LUNA: I also love “Girls I Know.” How did writing that song shape how you think about past versions of yourself?

MCLAMB: It’s about the women in my life who’ve been through so much. We shared chaotic, risky teenage years and then chose calmer adulthoods. That choice can be painful. Healing isn’t glamorous; it’s brushing your teeth, saying no to old habits, doing the tedious work every day. It’s rewarding, but it’s also grief for the chaos you left behind, and for the people who didn’t make it out.

LUNA: “Suffering” moves from delicate piano to full distortion, while “Water Inside the Fence” loops like a mantra. How much of that sonic escalation was instinctive versus deliberate?

MCLAMB: “Suffering” came together naturally; I realized later how dramatic I wanted that contrast to be. With “Water Inside the Fence,” I always knew the ending would spiral. It’s a song about dissociation and repression, so the big blowout felt necessary.

LUNA: If Good Story had a visual mood board beyond the trophy, what would it look like?

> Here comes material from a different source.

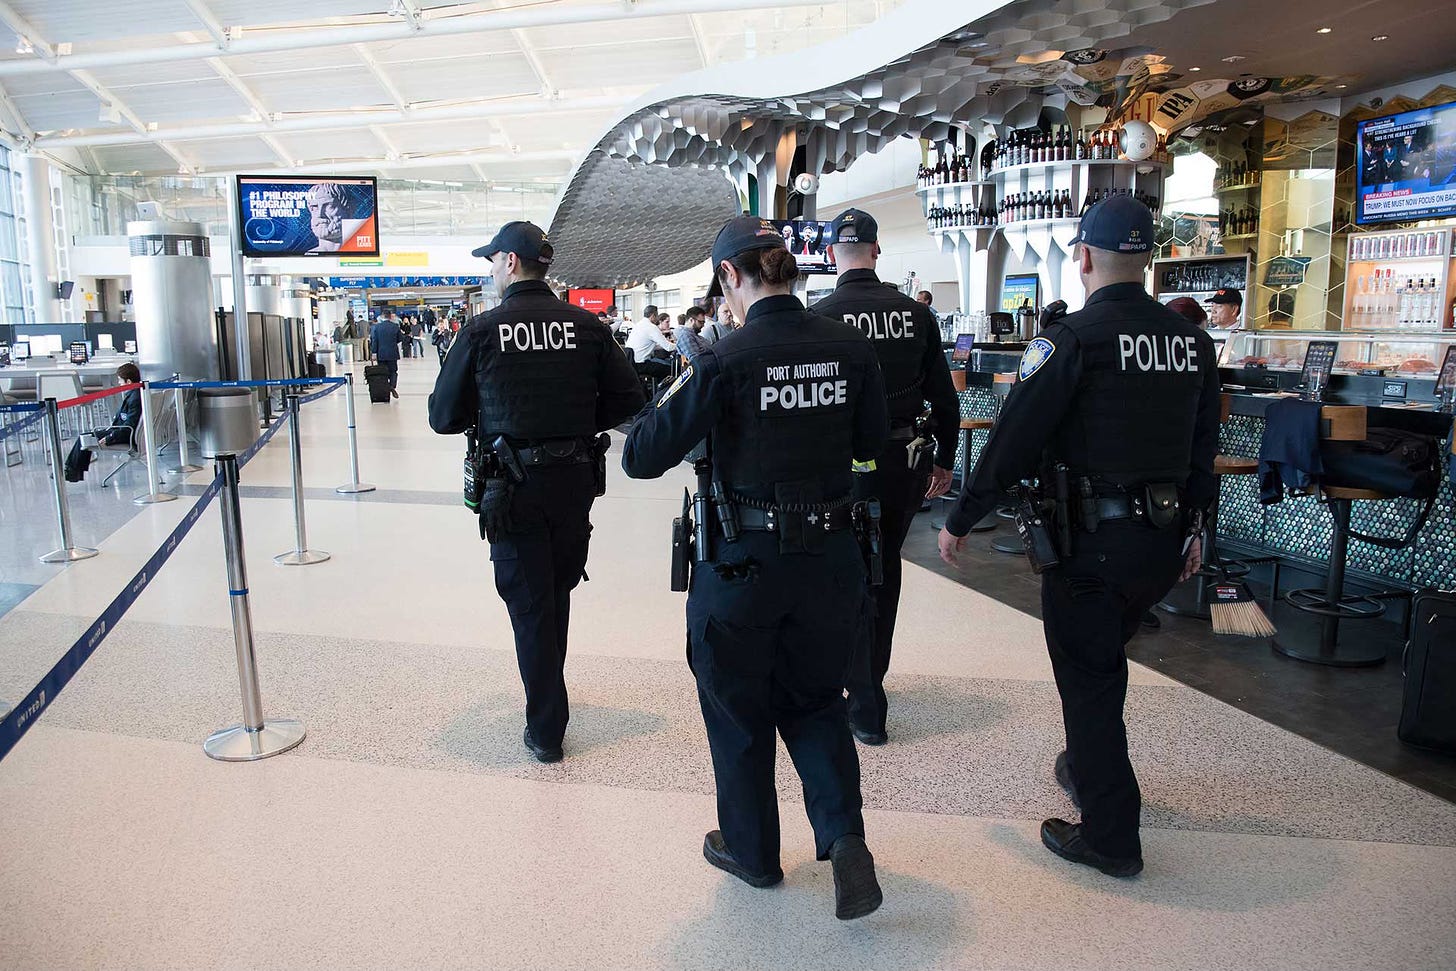 Police walking through airport terminal.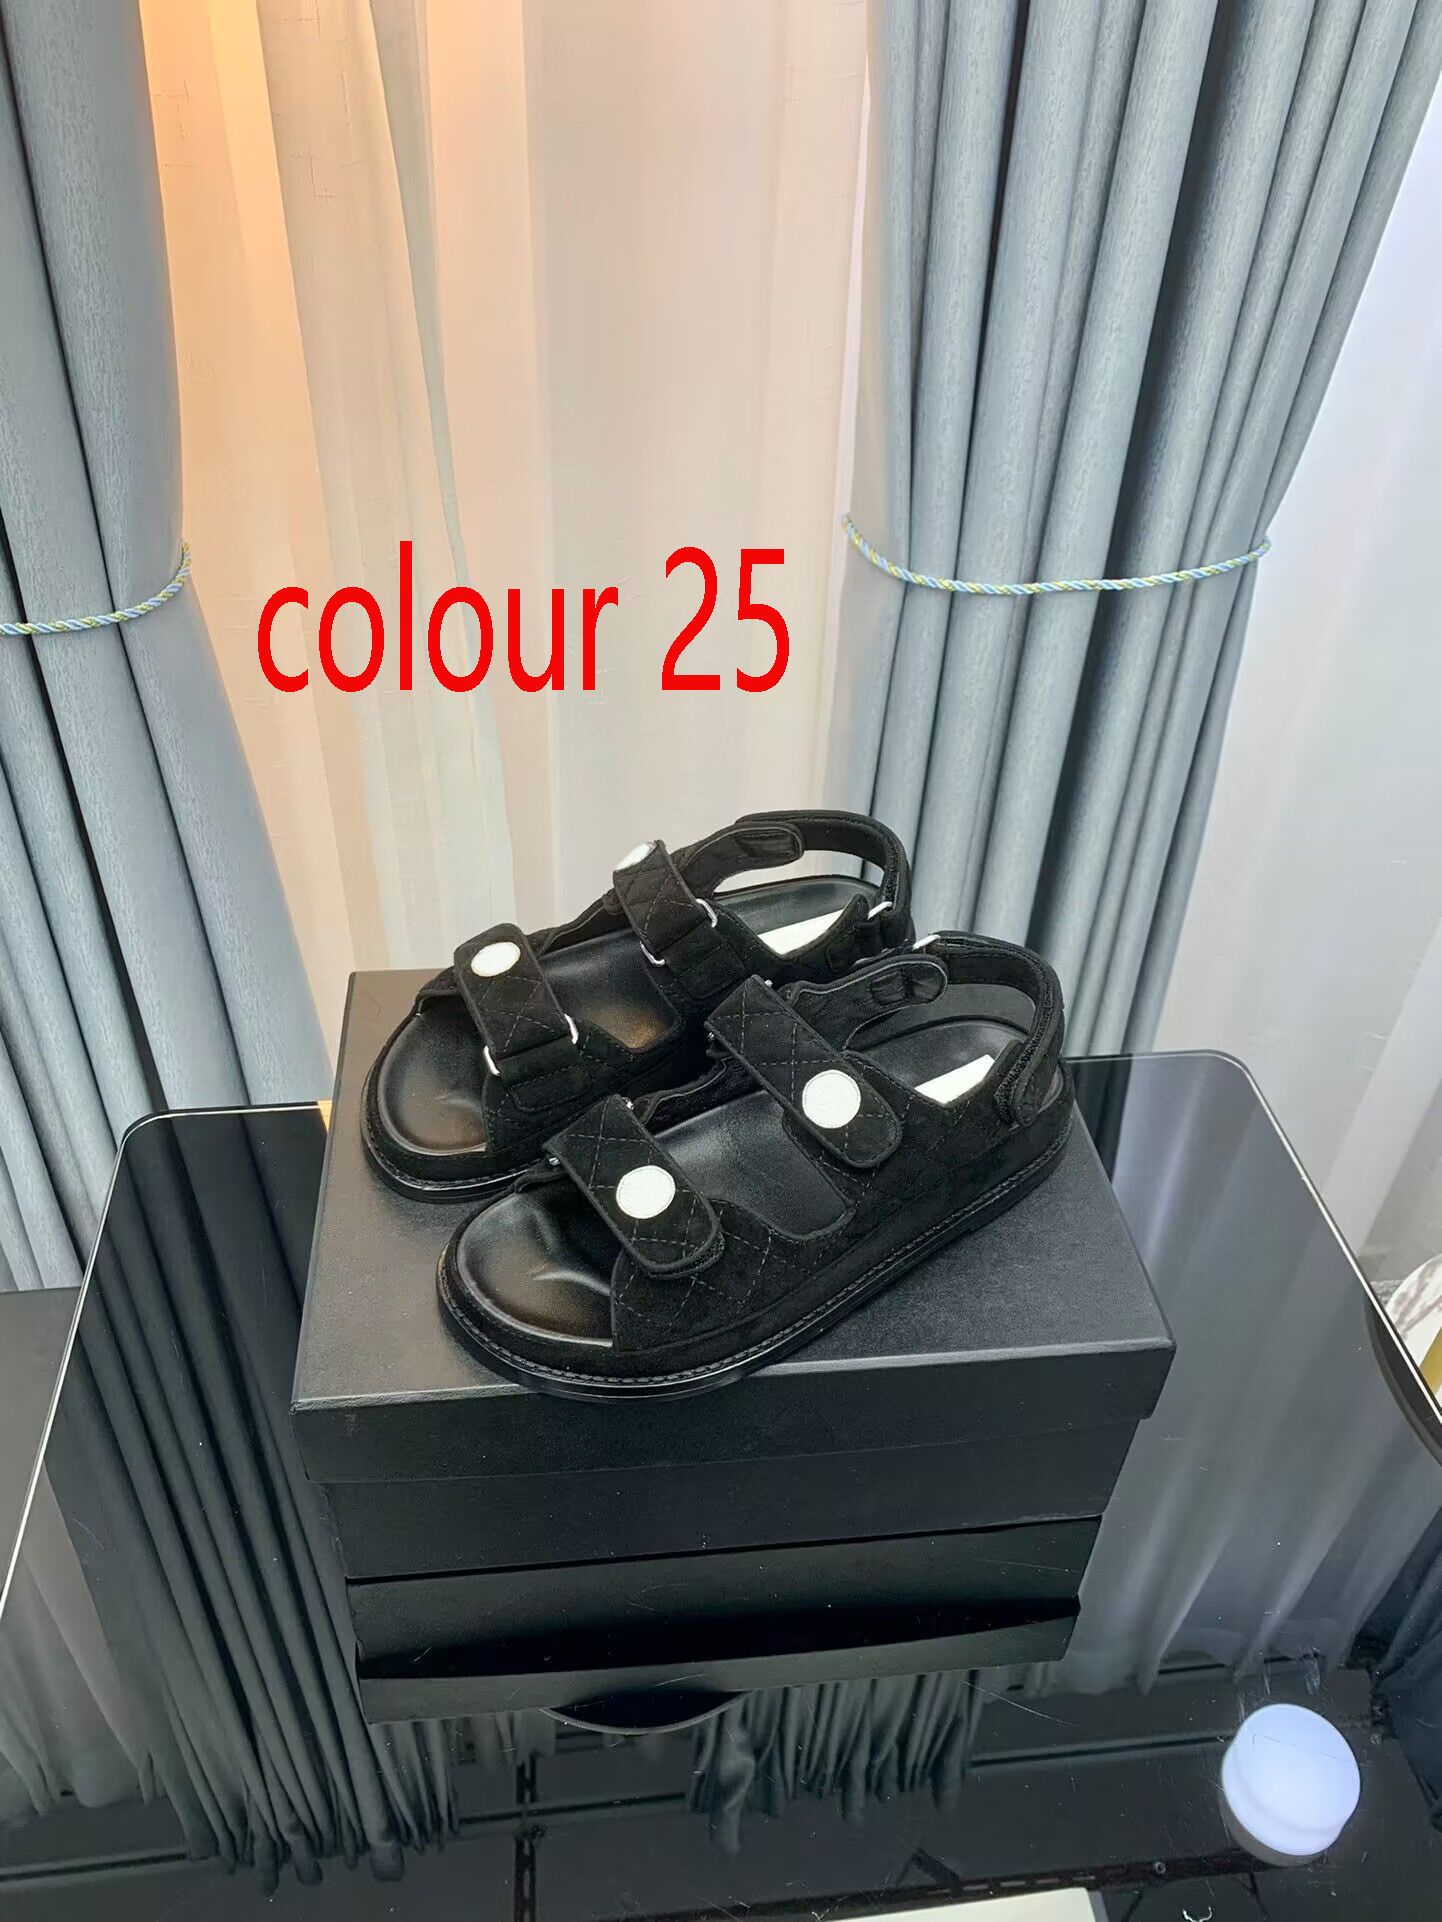 Colour 25

MCLAMB: I love the image of a lifeboat at the dock. There’s also the contrast between urban and natural, like grass growing through the sidewalk. Haunted, witchy graveyard energy, but also fast cars, movement, life (laughs).

LUNA: If Going Through It was your debut memoir, is Good Story a second chapter or something completely new?

MCLAMB: It’s in conversation with the first, but it feels self-contained. It’s basically a record about a concept I got obsessed with and started exploring from every angle.

LUNA: What’s one lyric from Good Story that might sting a little when you sing it live?

MCLAMB: Probably “self-serving poet, and it isn’t enough.” It feels almost too honest—part of me cringes at it, but it’s real. I stand by it (laughs).

LUNA: I love that. Even when it makes you wince, it’s still truth, and listeners will feel that.